Ja to  jeszcze raz powtórzę: państwo bez doktryny nie jest państwem. Jest atrapą. Kiedyś w mojej obecności prof. Andrzej Nowak zacytował słowa prymasa Wyszyńskiego, które brzmiały: Polska jest po to, żeby była. Otóż z takich właśnie uświęconych krwią i łzami bohaterów cytatów pleciemy sobie sznur na szuję, z takich kawałków szyją nam worek na łeb, przez który nic nie widać. I ja to mówię wprost: to co zacytowałem powyżej jest w najwyższym stopniu szkodliwe i błędne. Bardzo się jednak podoba, bo usypia obywateli i każe im czekać, a jacyś wybrańcy, jacyś „nasi” coś dla nich zrobią i coś im załatwią. Otóż nic takiego się nie stanie. Nikt nikomu niczego nie będzie załatwiał. Wszyscy będą siedzieli na tych swoich etatach, aż do chwili, kiedy miły pan w mundurze poprosi ich o opuszczenie pokoju i udanie się na rampę kolejową gdzie czeka już pociąg.
Wracamy do początku: jeśli państwo nie ma doktryny uniwersytety nie są mu potrzebne. Co nie znaczy, że nie są potrzebne nikomu. Państwo czeskie w XV wieku nie miało doktryny, było zarządzane przez agresywnych durniów z rodziny Luksemburgów, którzy nie mieli na to państwo żadnego sensownego pomysłu.

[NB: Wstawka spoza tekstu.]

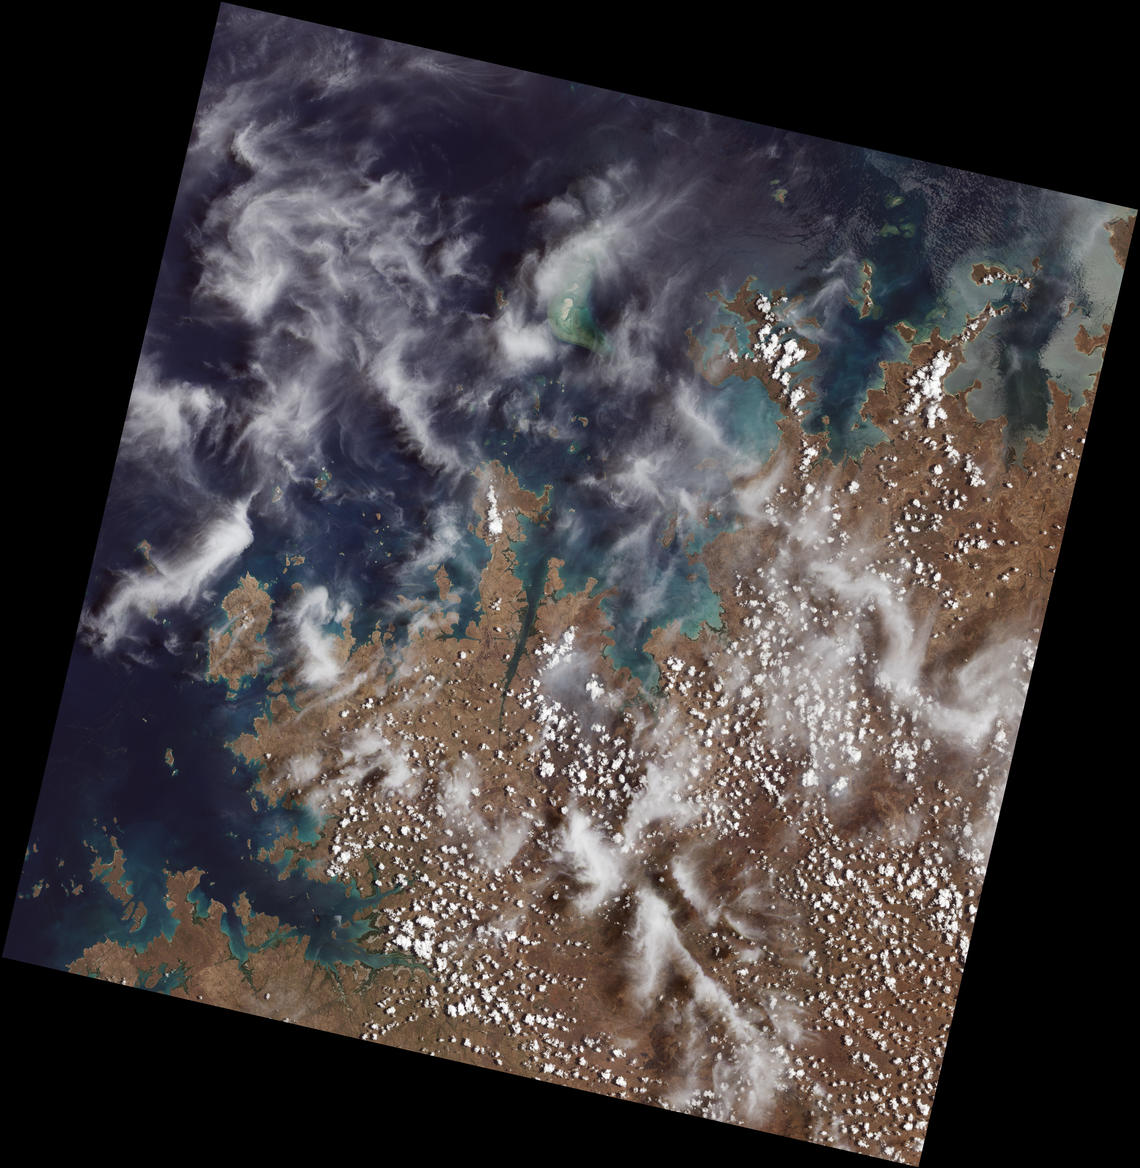 The first image collected by Landsat 9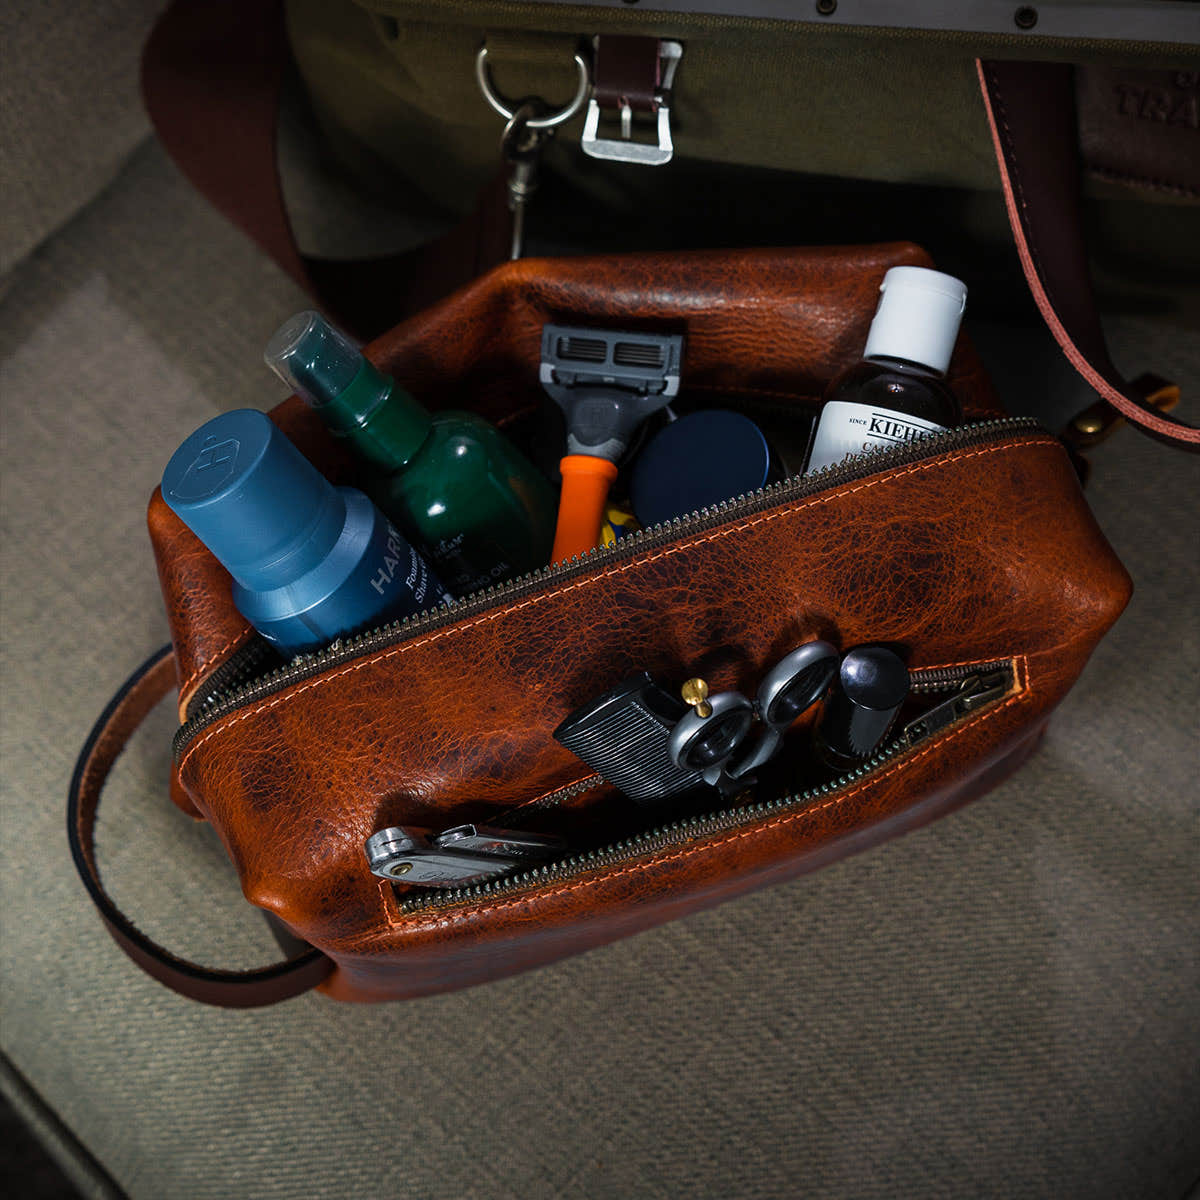 Bison Deluxe Leather Dopp Bag With Zipper

Umożliwili jednak miastom czeskim swobodny handel i dziś przez to Czechy są jednym z najpiękniejszych zakątków Europy, składającym się z niezliczonej ilości ryneczków, kamieniczek, ratuszów. W każdym takim miasteczku z ryneczkiem było prawo, które decydowało kto trzyma kasę: bankierzy czy rada, w każdym takim miasteczku można było sobie otworzyć kredyt i każde takie miasteczko miało rozległe kontakty handlowe. Był także w Czechach uniwersytet, sławna praska akademia, a w niej działy się rzeczy dziwne. Tak dziwne, że pewnego dnia czescy mieszczanie policzyli swoje pieniądze, zorientowali się gdzie jest prawdziwa siła. Zadzwonili najpierw na uniwersytet, żeby uzgodnić szczegóły działań, potem do Jana Żiżki, który z kolei podzwonił po swoich kolegach, no i się zaczęło. Jeśli ktoś nie pamięta na jakie kraje głównie otwarły się gospodarczo Czechy na przełomie XIV i XV wieku to mu przypomnę: na Anglię.
Jedyną doktrynę jaka dawała Polsce szansę na przetrwanie stworzyli dwaj ludzie: król Stefan i Jan Zamojski. Była to doktryna narodu szlacheckiego oparta o uniwersytet w Wilnie, odnowioną akademię krakowską i akademię w Zamościu. Doktryna ta osłaniana była w dodatku, przez nie obciążającą budżetu siłę zbrojną i przez to właśnie dawała nam duże szanse. Przez cały wiek XVII i połowę XVIII polityka światowa zajmowała się dwoma rodzajami aktywności: podbijaniem nowego świata i niszczeniem ekonomicznym naszej doktryny. Jednocześnie, wobec sukcesów gospodarczych USA ktoś postanowił, że trzeba wywrócić do góry nogami kraj, który miał największe jeśli nie liczyć Polski, zaplecze rolnicze w Europie – Francję. No i wybuchła rewolucja.
Wracajmy jednak znów do początku: doktryna państwa i uniwersytet to dwie strony tego samego medalu. Jeśli uniwersytet nie służy państwu, którego go finansuje służy komuś innemu, a pracownicy tego uniwersytetu i jego studenci stają się największymi wrogami państwa, które im płaci. Inaczej być nie może. Nie może być jednak tak, że to państwo służy uniwersytetowi, bo to właśnie na uniwersytecie lęgną się doktryny. I taka jest jego właściwa funkcja. Jeśli zaś się nie lęgną, to coś jest nie tak i może trzeba kimś potrząsnąć. A jeśli potrząsany się awanturuje i powołuje na fikcje takie jak autonomia uczelni, może to oznaczać, że on jest po prostu zdrajcą. Ale jak zdefiniować zdradę kiedy nie ma doktryny? Bardzo prosto: jeśli nie ma doktryny definiujemy zdradę w oparciu o budżet. Płacimy, a nie jest zrobione? Won. Zupełnie jak Czesi w XV wieku. I na tym kończę.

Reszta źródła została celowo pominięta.